Study suggests more people willing to try lab-grown meat and edible insects
A survey into public perceptions of emerging alternative proteins has revealed that a third of UK consumers would try cultured meat, and a quarter would try edible insects.
The study by the Food Standards Agency also found that six in 10 people are willing to try plant-based products, many of which are already on the market.
The FSA said its research also highlights how important food safety is to consumers with it being the top factor in encouraging people to try lab-grown meat or edible insects.
Assurance around food safety is already the main reason people are willing to eat plant-based proteins.

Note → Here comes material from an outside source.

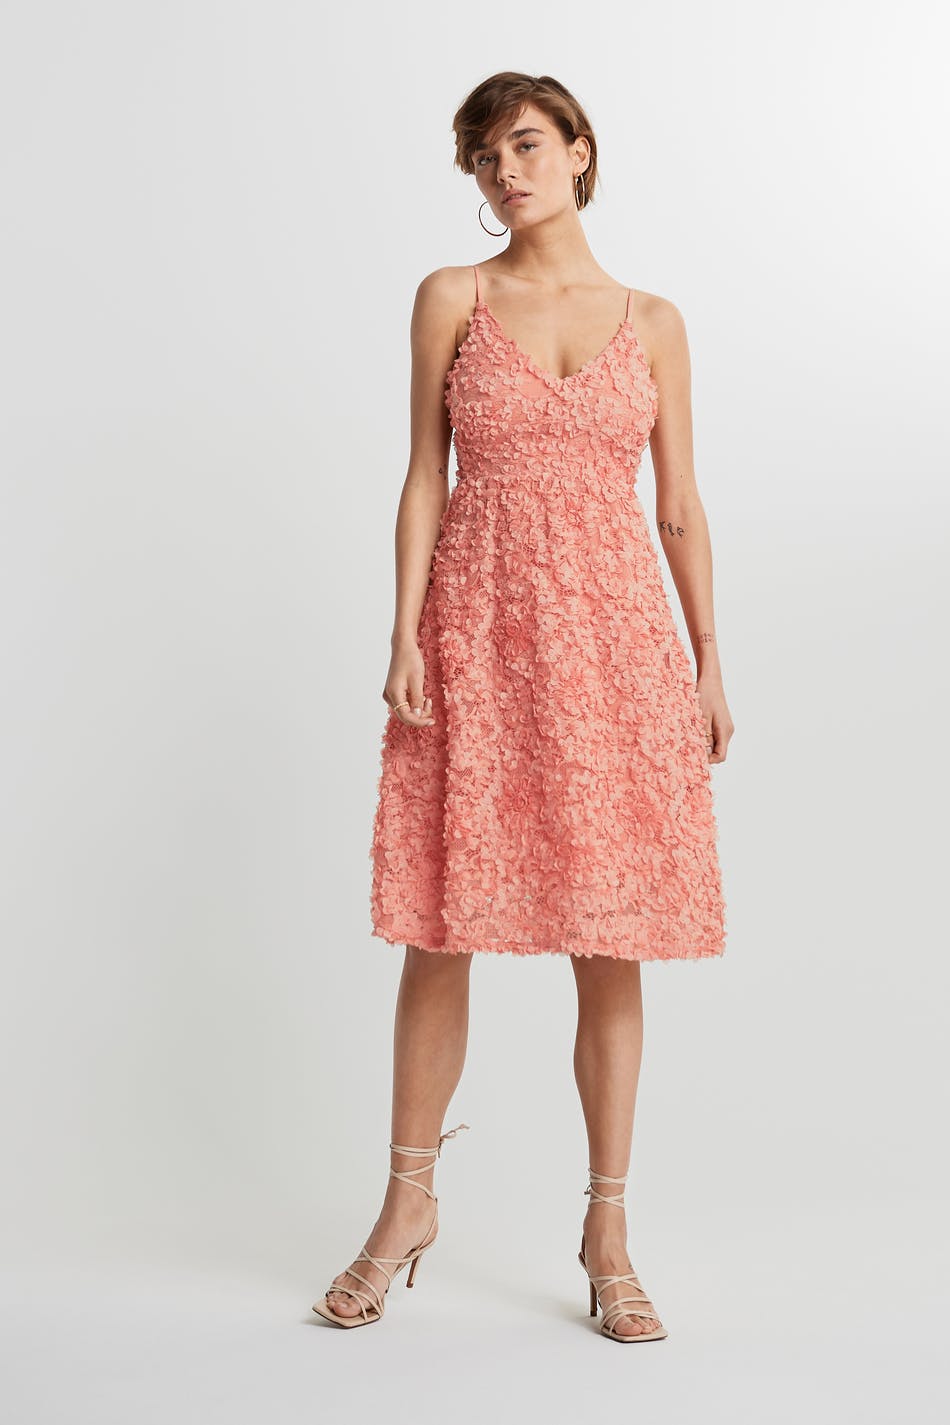 Blossom lace dress

Alternative, or novel, sources of protein for human consumption are an emerging food and are mainly associated with plant proteins, insects and microorganisms.
The report found that awareness of alternative proteins is high amongst consumers, with 90% of respondents reporting that they had heard of plant-based proteins, 80% had heard of edible insects and 78% had heard of lab grown meat.
Over three quarters (77%) of respondents perceived plant-based proteins as being safe to eat compared to half (50%) for edible insects and 3 in 10 (30%) for lab grown meat.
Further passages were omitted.